Pegram wins Pincay Award for his service to horse racing

Photo: Del Mar / Benoit Photo

Mike Pegram, a highly successful, fully colorful and notably popular horse owner and racing executive on the national scene for more than three decades, has been named the 21st recipient of the Laffit Pincay Jr. Award.

He’ll be honored in that role at Del Mar on Sunday, Aug. 10, the afternoon the track runs the 57th edition of the Sorrento Stakes, the race that in 1998 launched the Hall of Fame career of his exceptional filly Silverbulletday.

The Pincay Award, named for and presented by the Hall of Fame rider, goes to those who have served the sport of racing “with integrity, extraordinary dedication, determination and distinction.”

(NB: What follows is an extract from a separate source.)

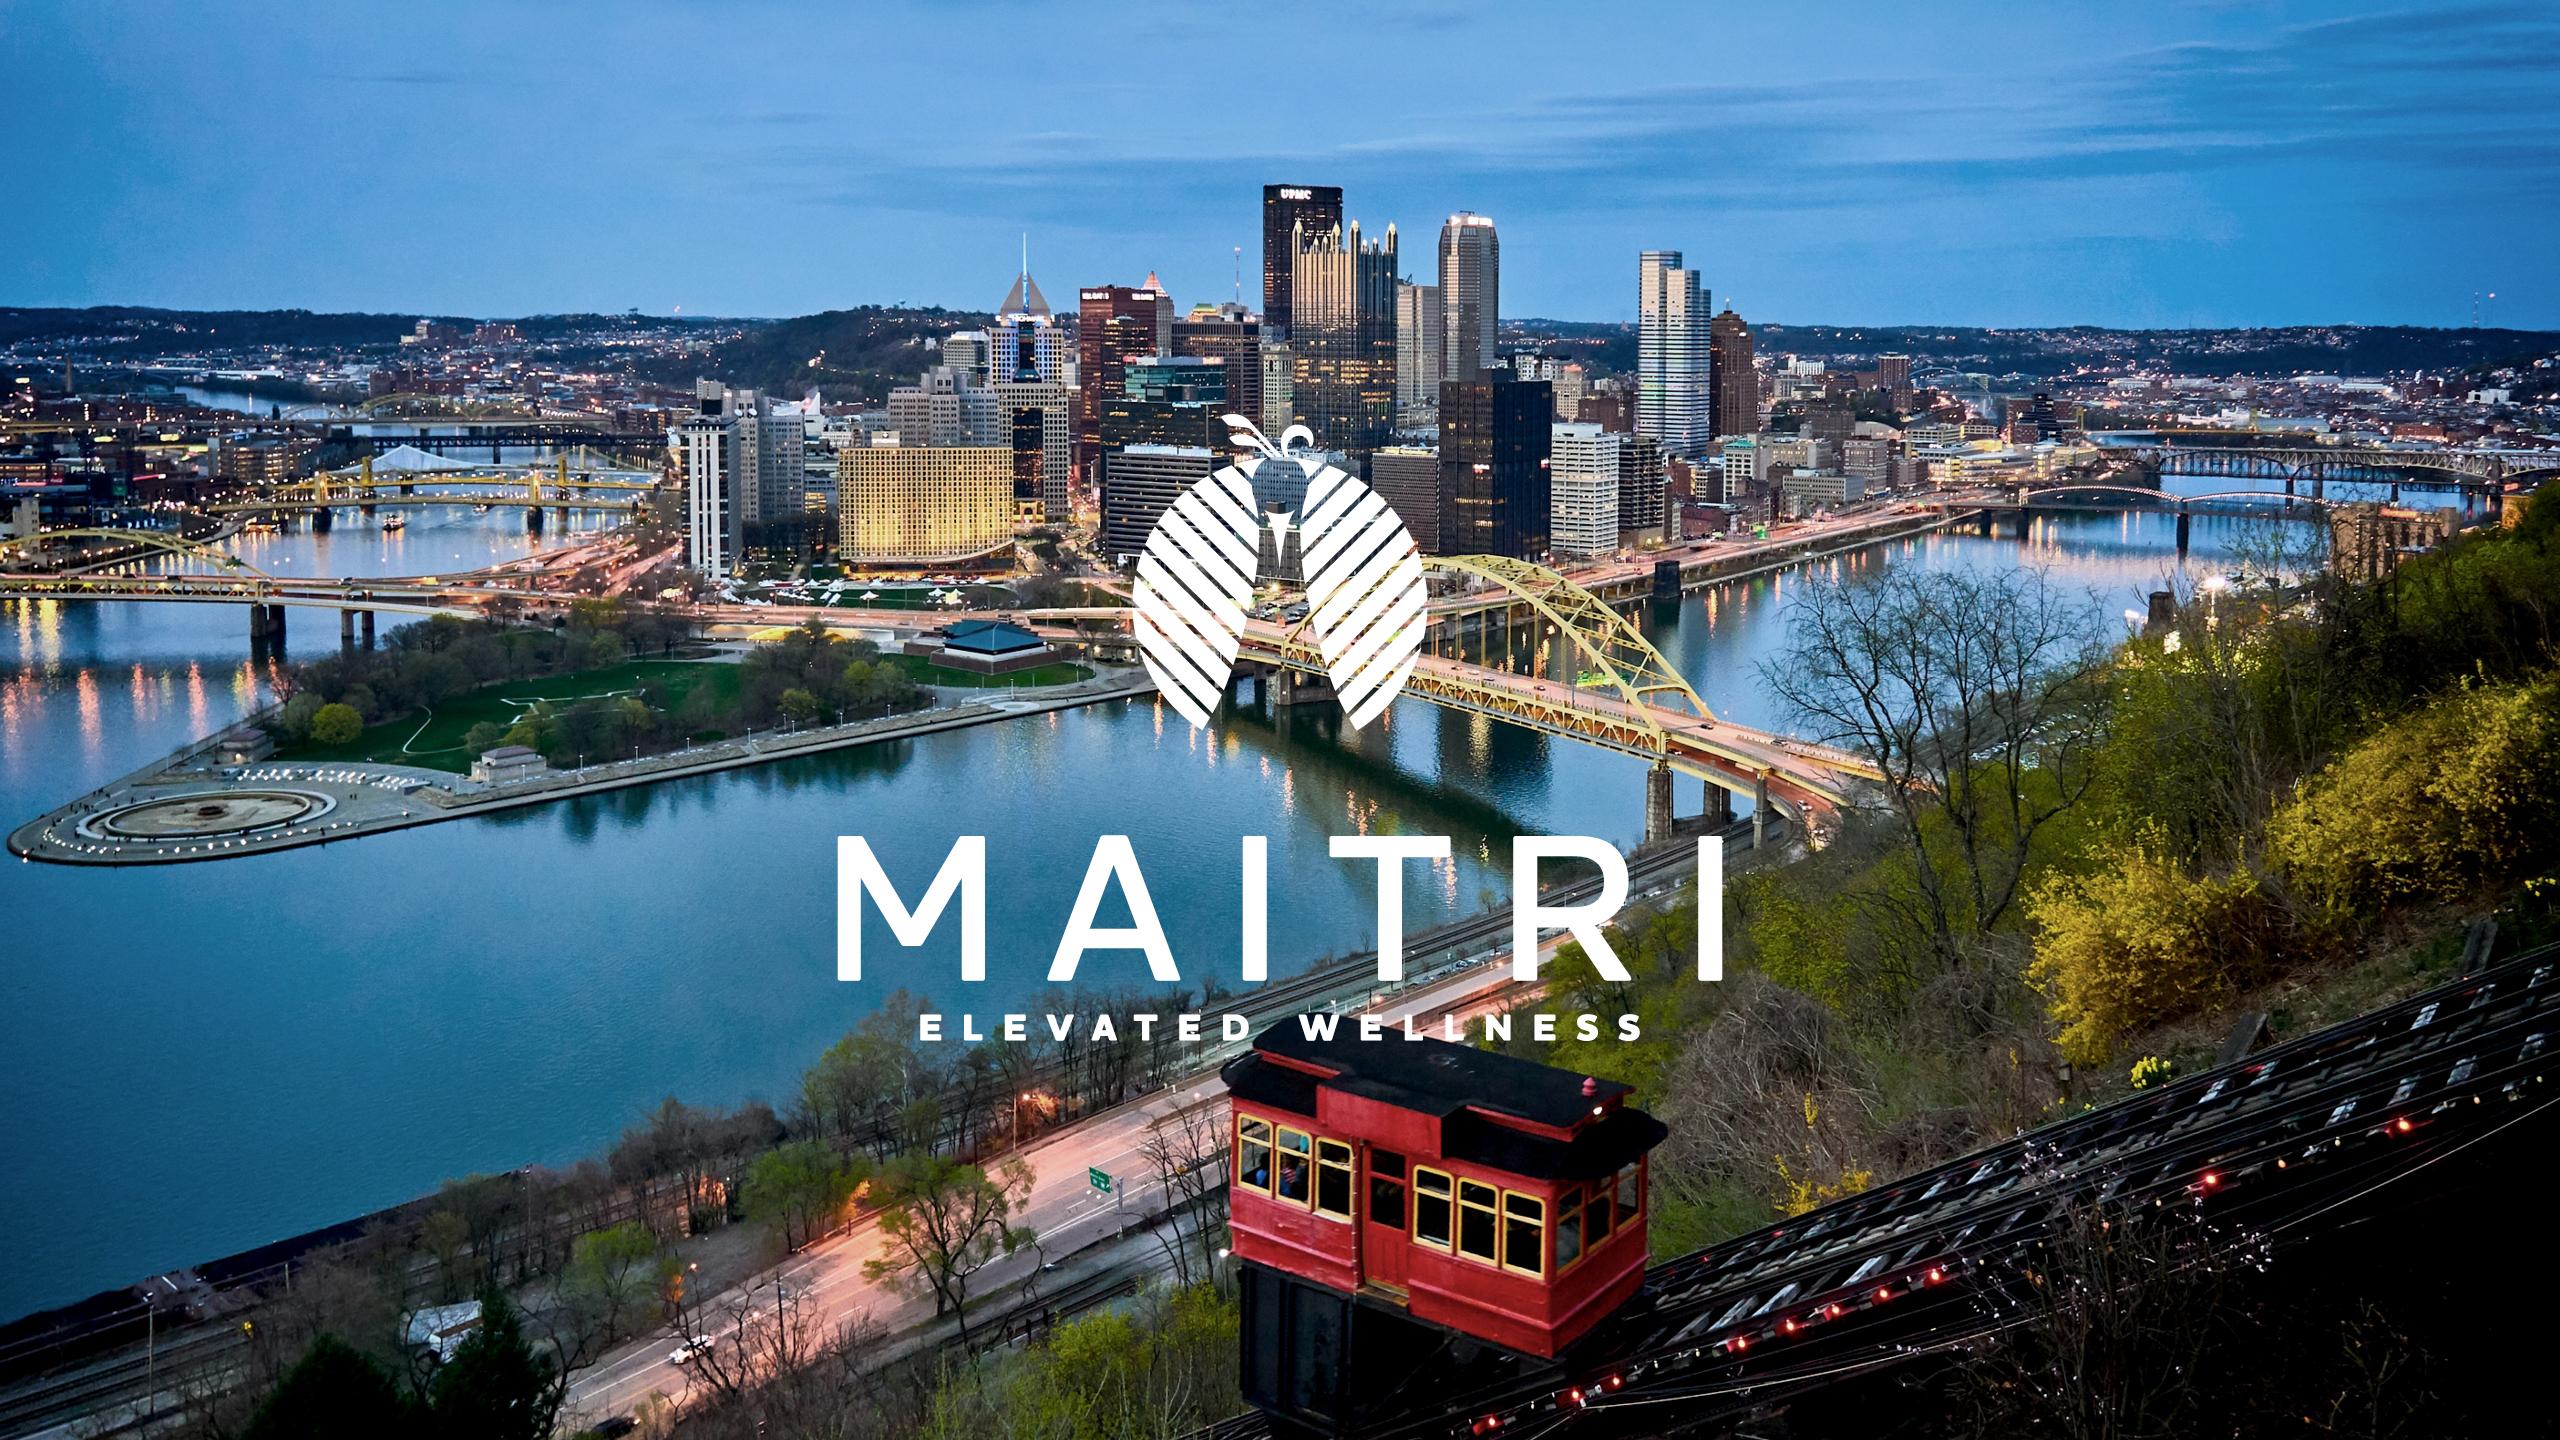 Maitri Medicinals Brand Identity by High Road Design Studio
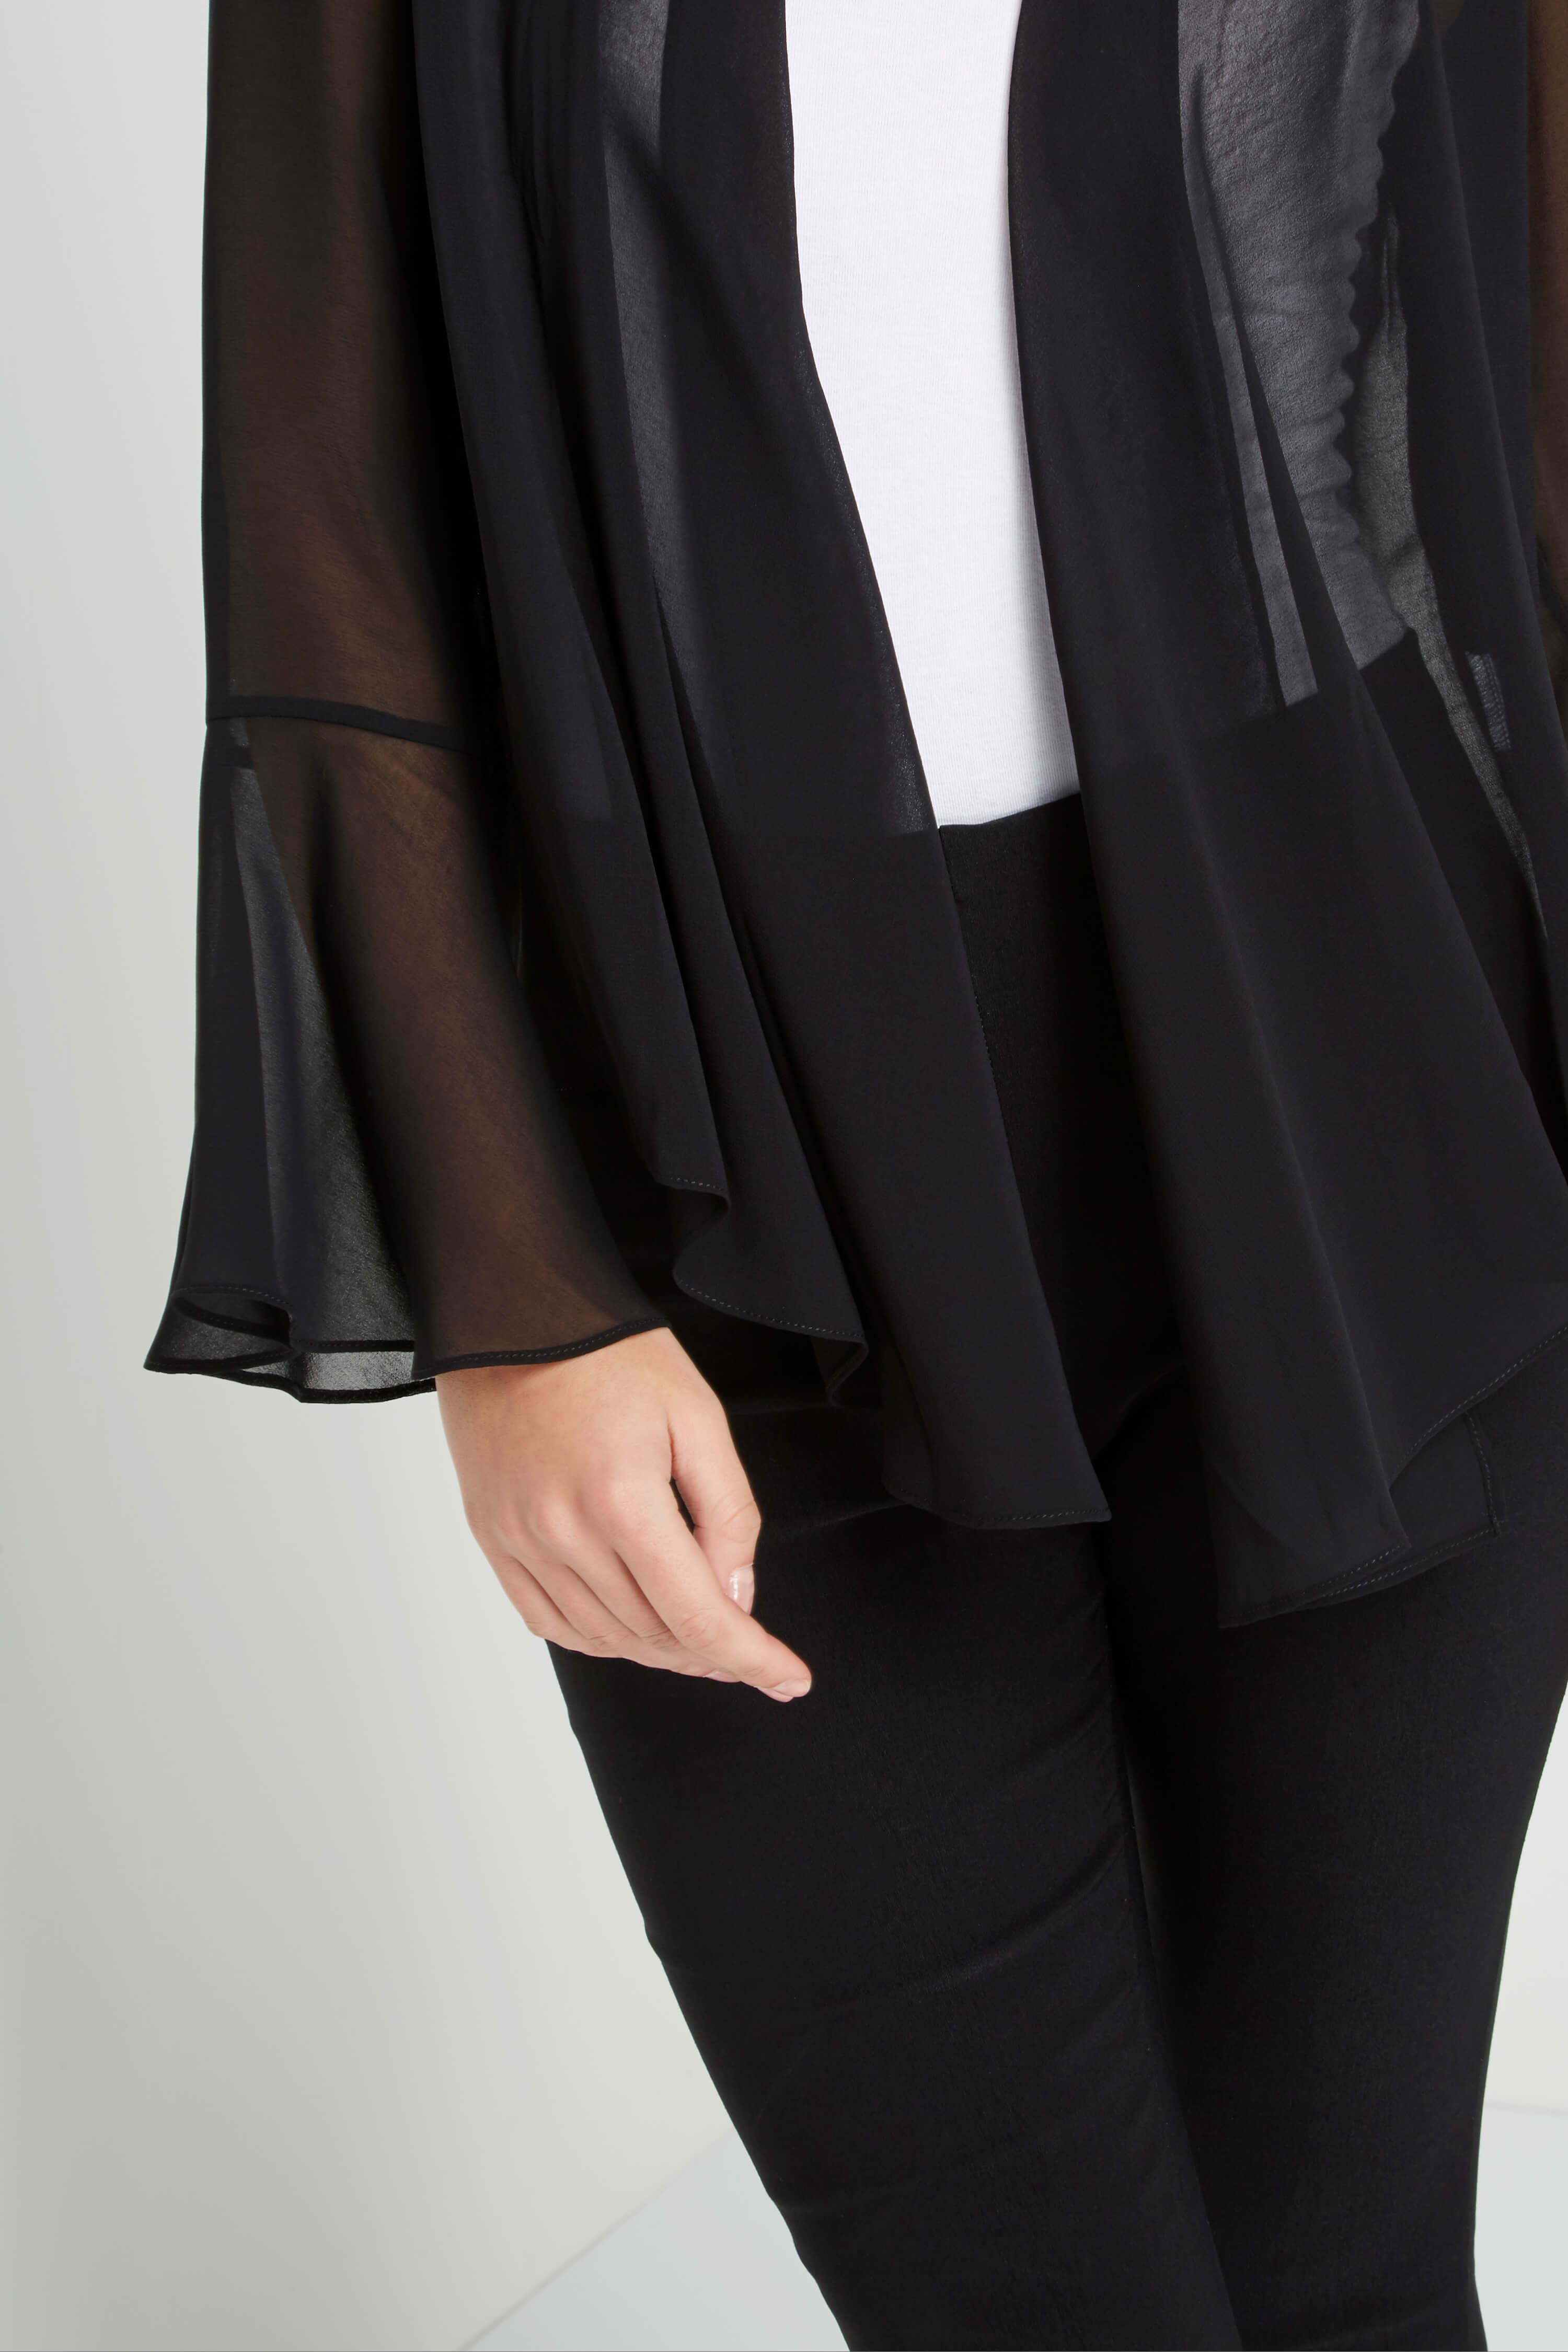 Roman-Originals-Women-039-s-Black-Sheer-Chiffon-Jacket-Sizes-10-20 thumbnail 14

Pegram, 73, is a Kentucky native who first got into horses in the 1970s when he and his father raced Thoroughbreds. They had some luck with it and in 1985 Pegram struck up a friendship with a Bob Baffert, then a quarter-horse trainer, and raced some horses with him. In 1988, Pegram convinced Baffert that they could do better and have more fun with Thoroughbreds, and they made the switch.

The trainer’s first purchase for his new owner was a horse named Thirty Slews, whom he bought for Pegram and several partners, and in 1992 the speedster captured the Breeders’ Cup Sprint. Thus, a partnership and a friendship was sealed, one that would go on to do extraordinary things over the next several decades and continues to make splashes to this day.

Pegram bought a yearling in 1996 for $17,000 and he and Baffert came within a nose of winning the 1998 Triple Crown with Real Quiet, the Kentucky Derby and Preakness winner who missed by a whisker in the Belmont.

He partnered with a pair of Arizona buddies, Karl Watson and Paul Weitman, and the trio has had huge success on the racing landscape. Among their stars were Lookin at Lucky, Midnight Lute and Secret Circle. They also sent out Coil, Hoppertunity, Drill, Gaming and McKinzie for major stakes scores.

Pegram was elected chairman of the Thoroughbred Owners of California in 2011 and was part of that group’s executive body through 2019. He was named Turf Publicists of America’s “Big Sport of Turfdom” in 1998.

Outside of racing, he had success in the fast-food business with ownership of 25 McDonald’s franchises and he partnered in a five casinos in the Reno and Carson City, Nev., area. He is on the board of Caesars Entertainment. His brother Jim and nephews Brad and J.R. have been successful jockey agents in Southern California.

Pegram is married to Mary Ellen with a son and two daughters. They have homes in Minden, Nev.; Paradise Valley, Ariz., and Del Mar, Calif.

Pincay rode for 39 seasons, including 27 summers at Del Mar, earning five Eclipse Awards as the nation’s foremost rider. He is still Del Mar’s top rider for victories with 1,013. He led the country in earnings on seven occasions. He retired in 2003 as racing’s winningest jockey with 9,530 firsts. Now 78 years old, he lives in Arcadia near Santa Anita.